I voted for carbonated because we took one to camp over Memorial weekend last year and the crew drank it all in 2 days.

But I do like it non-carb over crushed ice with a slice of lemon as much as carbonated.


----------



## clifton (Jan 27, 2012)

Thanks for voting Julie. Do you sweeten a little more when it is carbonated? What SG do you usually sweeten to?


----------



## Arne (Jan 27, 2012)

Never had it carbonated, but I definately like it. I would bet it would be great with carbonation too. Arne.


----------



## toddrod (Jan 27, 2012)

I am getting ready to carb up 5gal in one of my beer kegs.


----------



## Julie (Jan 27, 2012)

clifton said:


> Thanks for voting Julie. Do you sweeten a little more when it is carbonated? What SG do you usually sweeten to?



I sweeten to 1.010, that seems to work carbonated or bottled.


----------



## timber (Jan 27, 2012)

I'd prefer mine run through a "Still" actually ... 

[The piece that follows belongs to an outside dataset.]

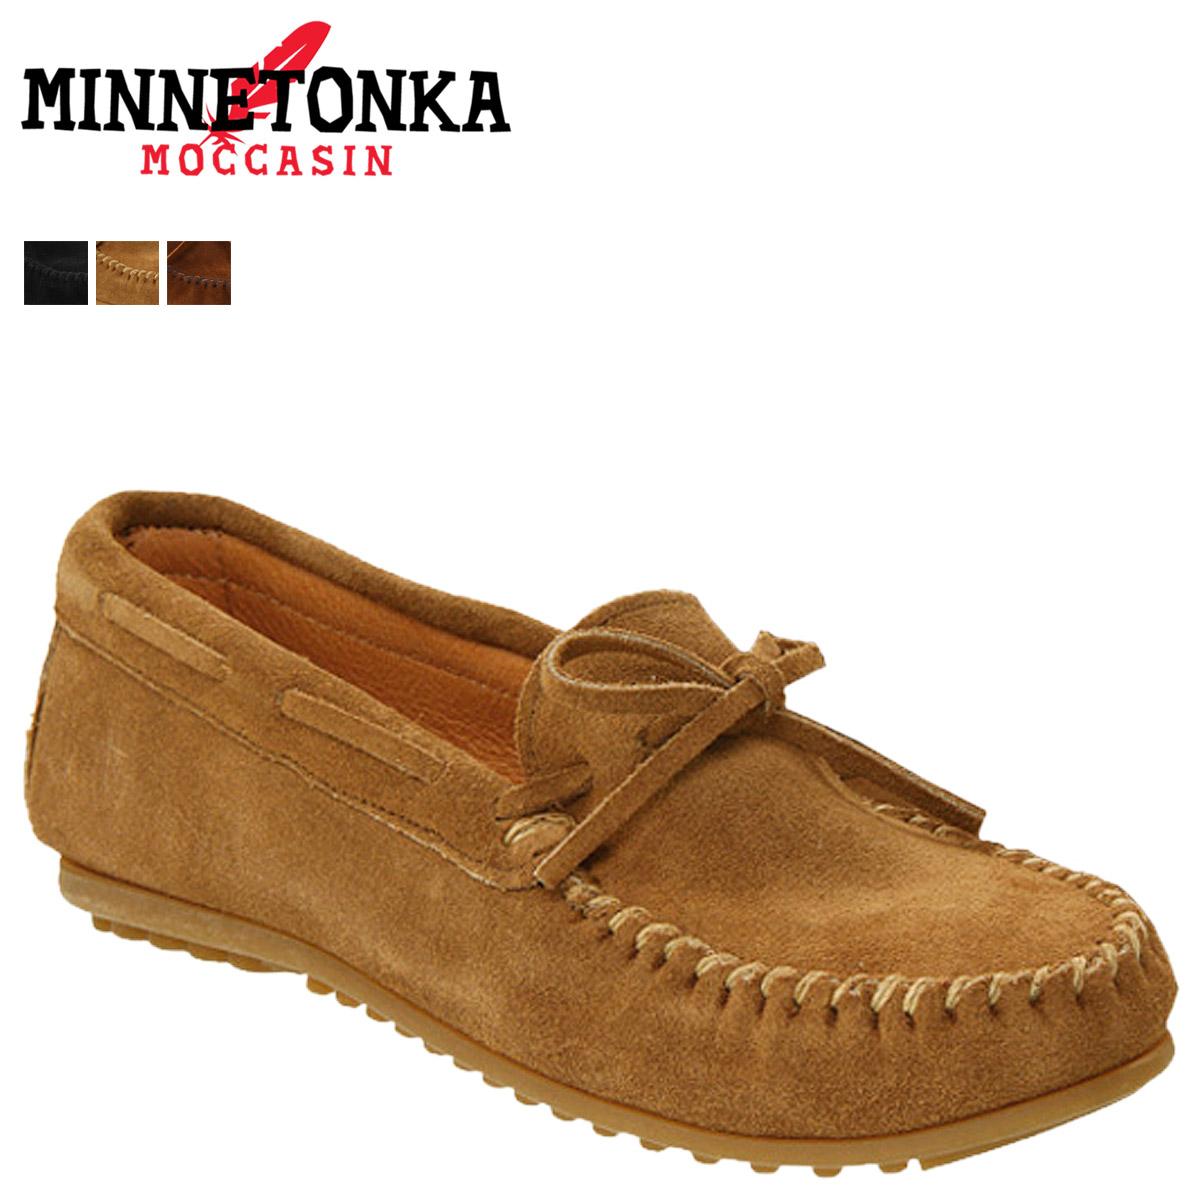 3ae8129370bc1 SneaK Online Shop: Mine Tonka MINNETONKA men moccasins classical ...

Sorry, couldn't help myself ::
(We all know that this would not be legal - and is only in jest).
Since I've never tried SP I'm not much help but would imagine non-carbed, high ABV and very cold would be my preference.


----------



## WineYooper (Jan 28, 2012)

I have only drank mine still but gave some to a friend and he has carbonated it and says it is excellent. I just finished racking 5 gals before getting on this site and it is at 1.010 using 3 cans of frozen concentrate and 1 qt. of old orchard. It's now at 1.01.


----------



## Runningwolf (Jan 28, 2012)

I prefer it carbed in my corny keg, well chilled. I like a 1.01 sg at about 10%abv. It's nice to enjoy a tall glass of it without getting wasted too fast on a hot summer day.


----------



## clifton (Jan 28, 2012)

Yooper,
Old orchard apple juice? 3 cans frozen lemonade concentrate? Good to see some familiar HBT names over here.


----------



## WineYooper (Jan 31, 2012)

Help me out, what is HBT? I used 3 cans of frozen Cran/Raspberry to backsweeten and Old Orchard Raspberry juice to try and top up. Should have used Old Orchard Cranberry. 
Edit; did a little search and found out about Home Brew Talk.


----------



## clifton (Feb 1, 2012)

Sorry, I assumed you were the same Yooper from over there.


----------